» INSTRUCTIONS FOR THE TASK: Each line below from the "Best Coffee Shops in Holly Springs, NC" line through the "Polyphenol Firm +" line, those two included, must be restated word for word; the pictures must not be.

» TASK INPUT:
#####

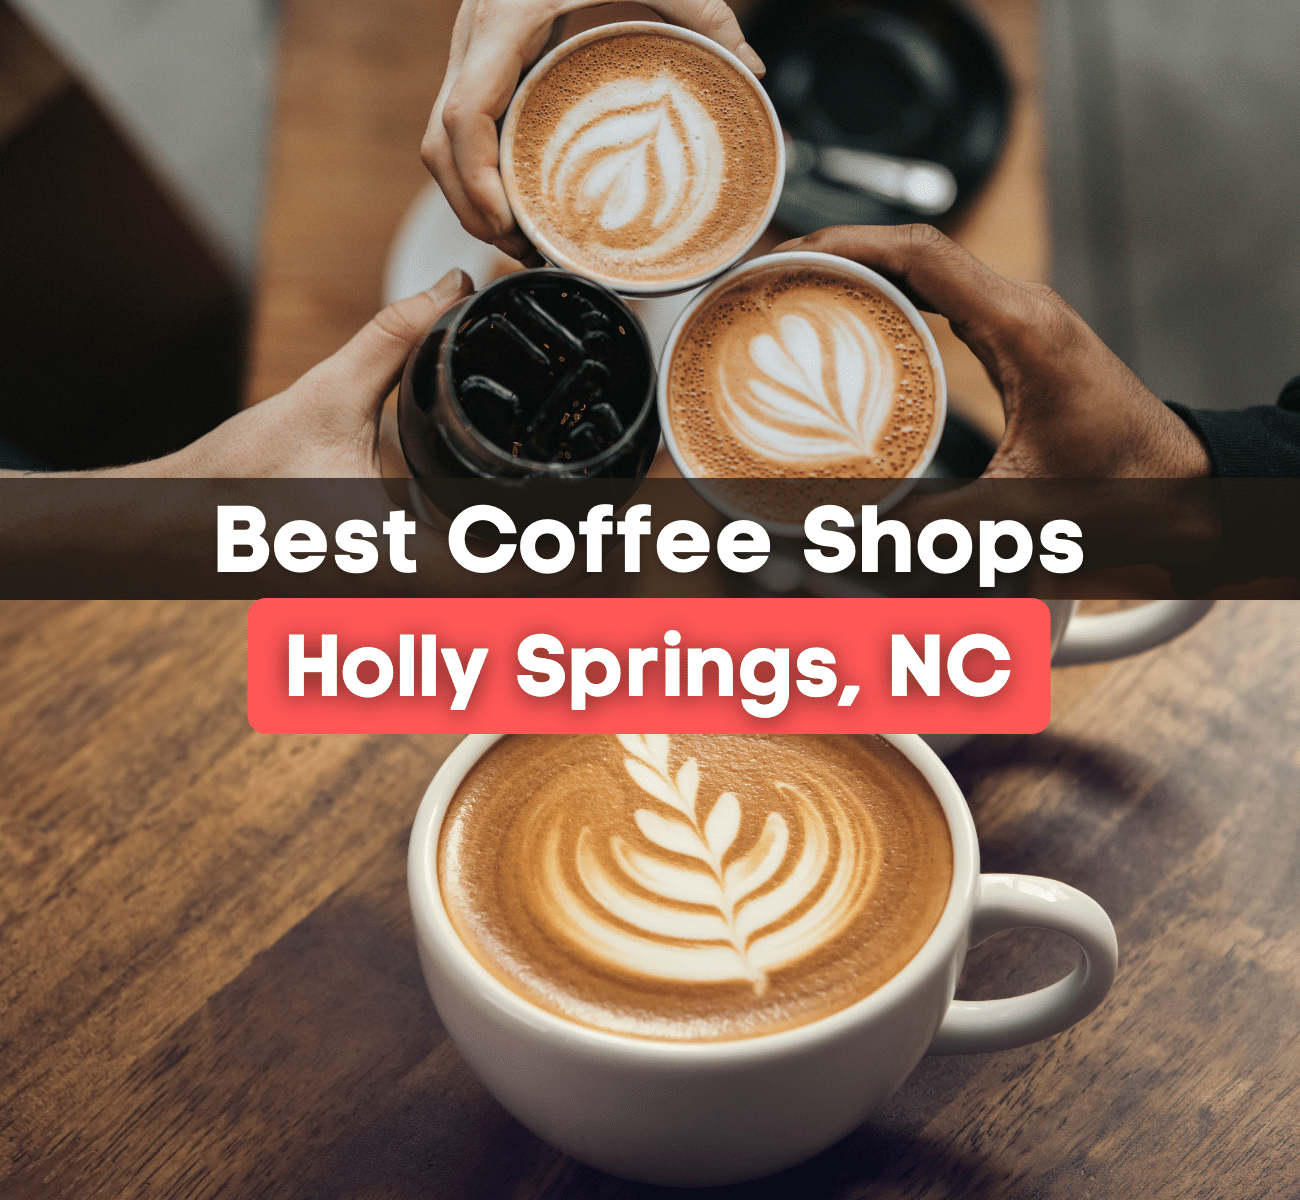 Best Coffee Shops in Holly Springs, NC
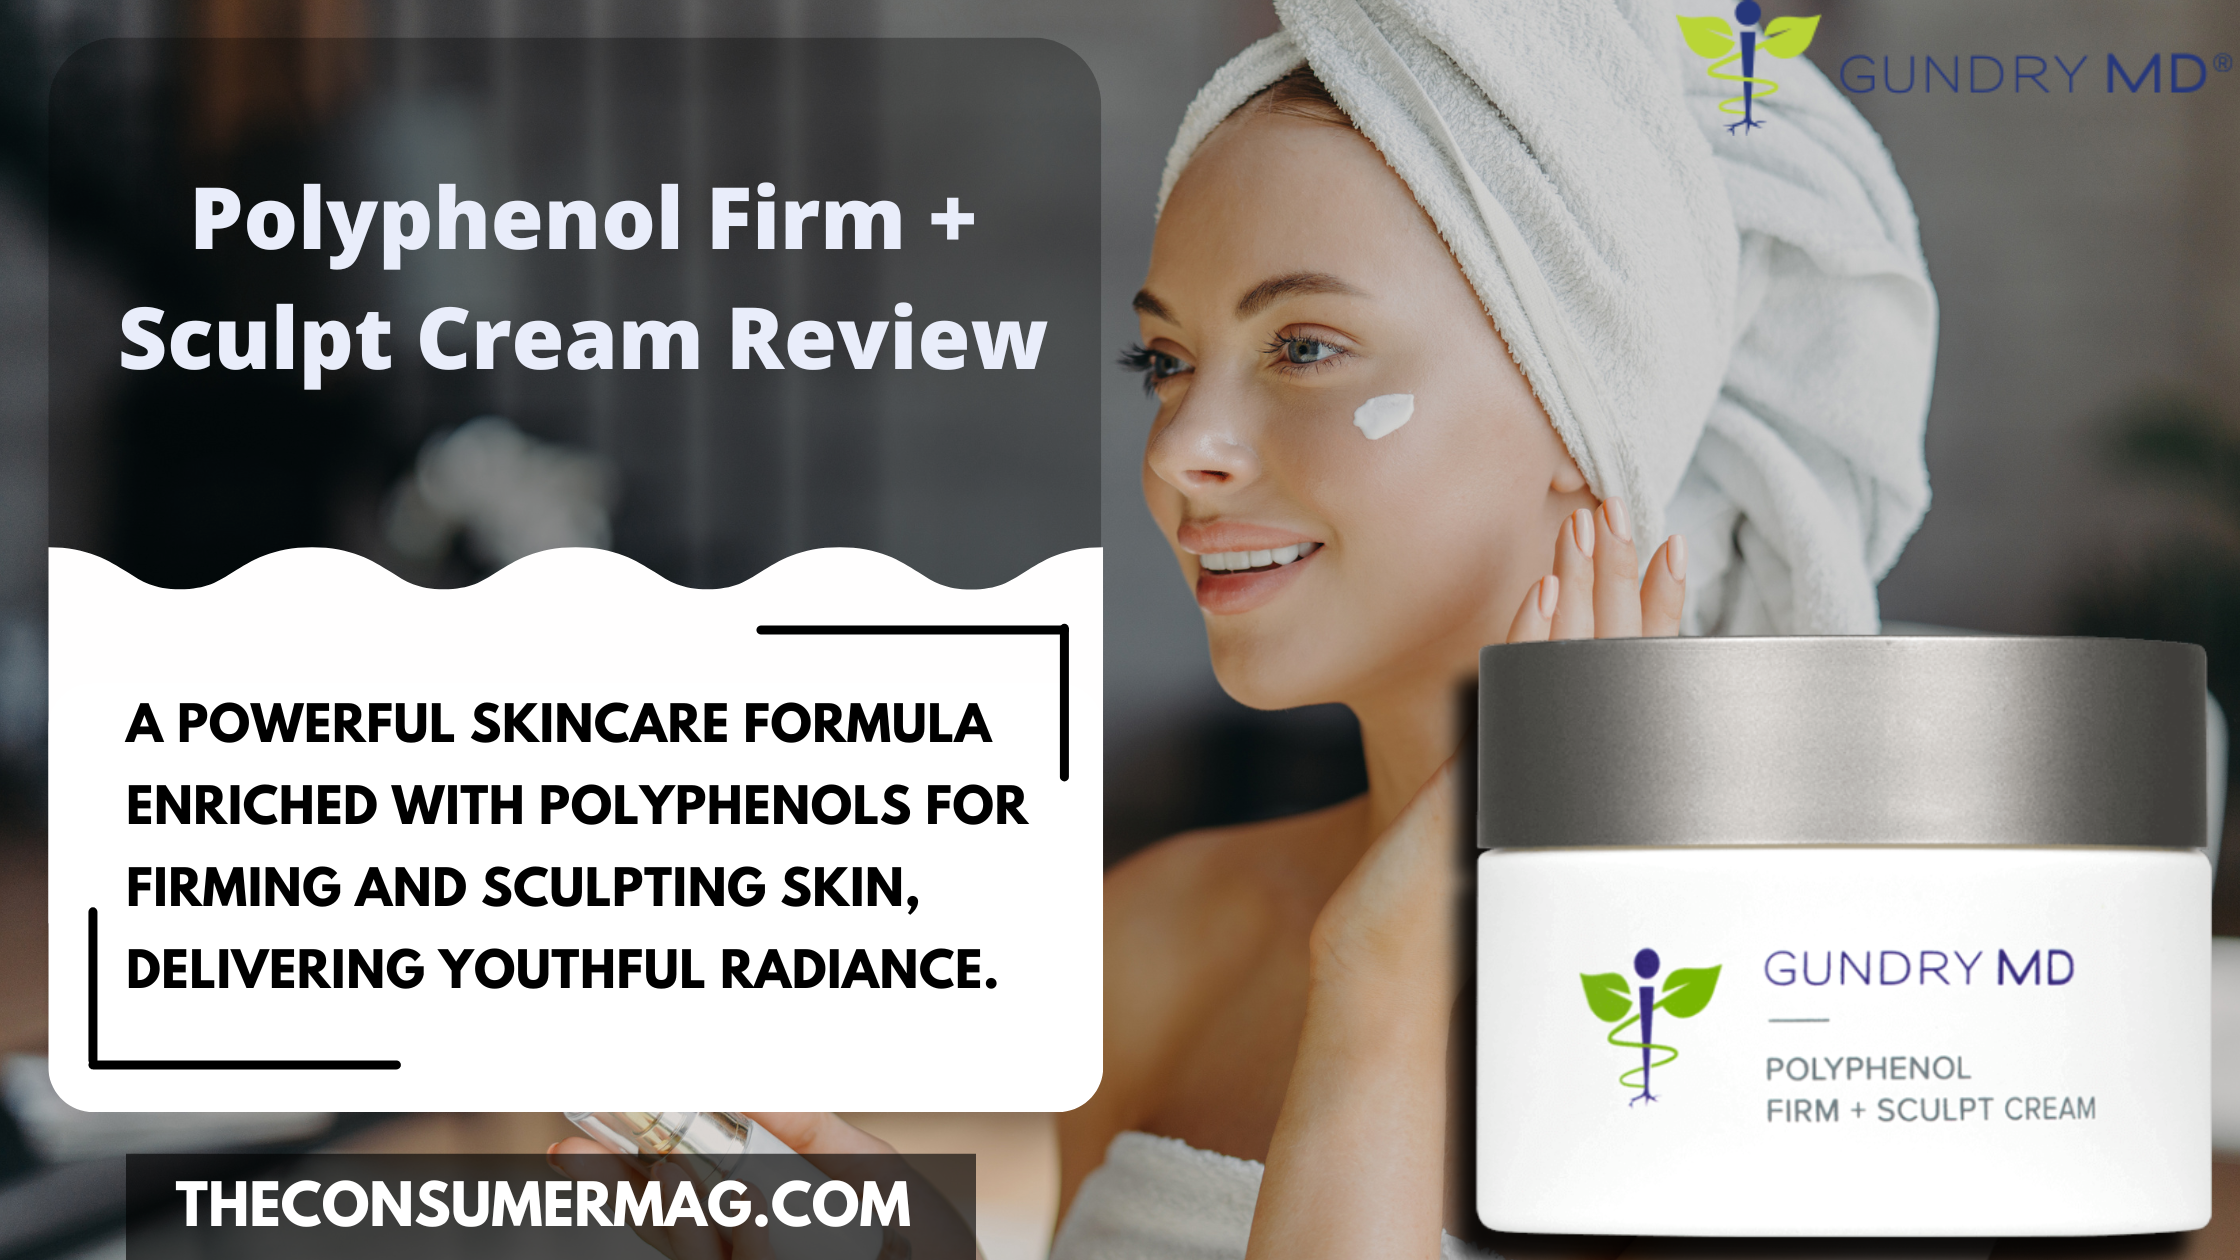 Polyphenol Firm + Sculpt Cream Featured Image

#####

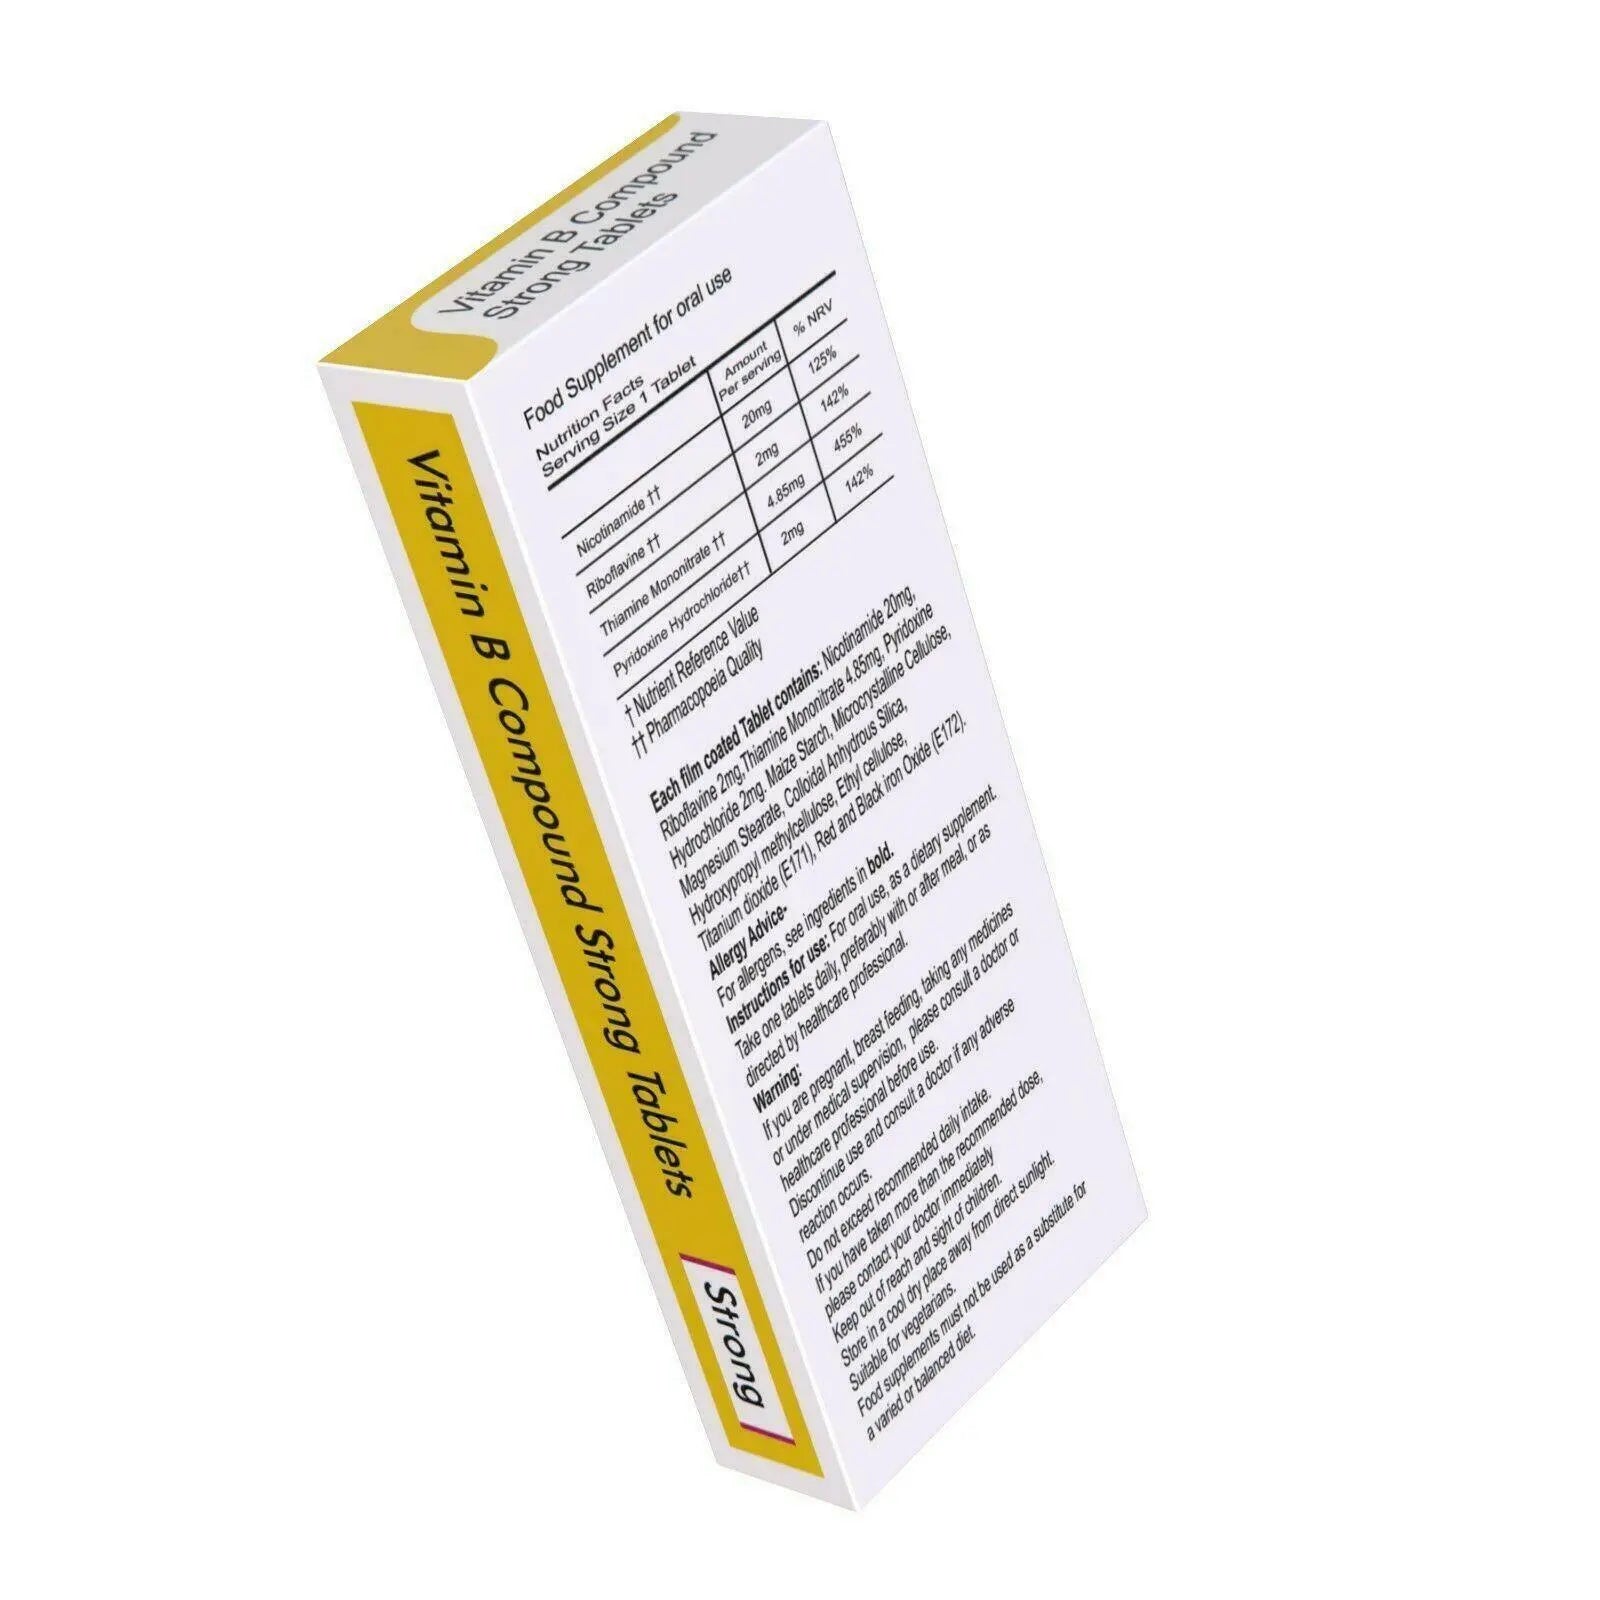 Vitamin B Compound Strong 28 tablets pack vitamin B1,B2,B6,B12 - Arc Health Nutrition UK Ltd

#####

» ANSWER BOX:
 Best Coffee Shops in Holly Springs, NC
 Polyphenol Firm + Sculpt Cream Featured Image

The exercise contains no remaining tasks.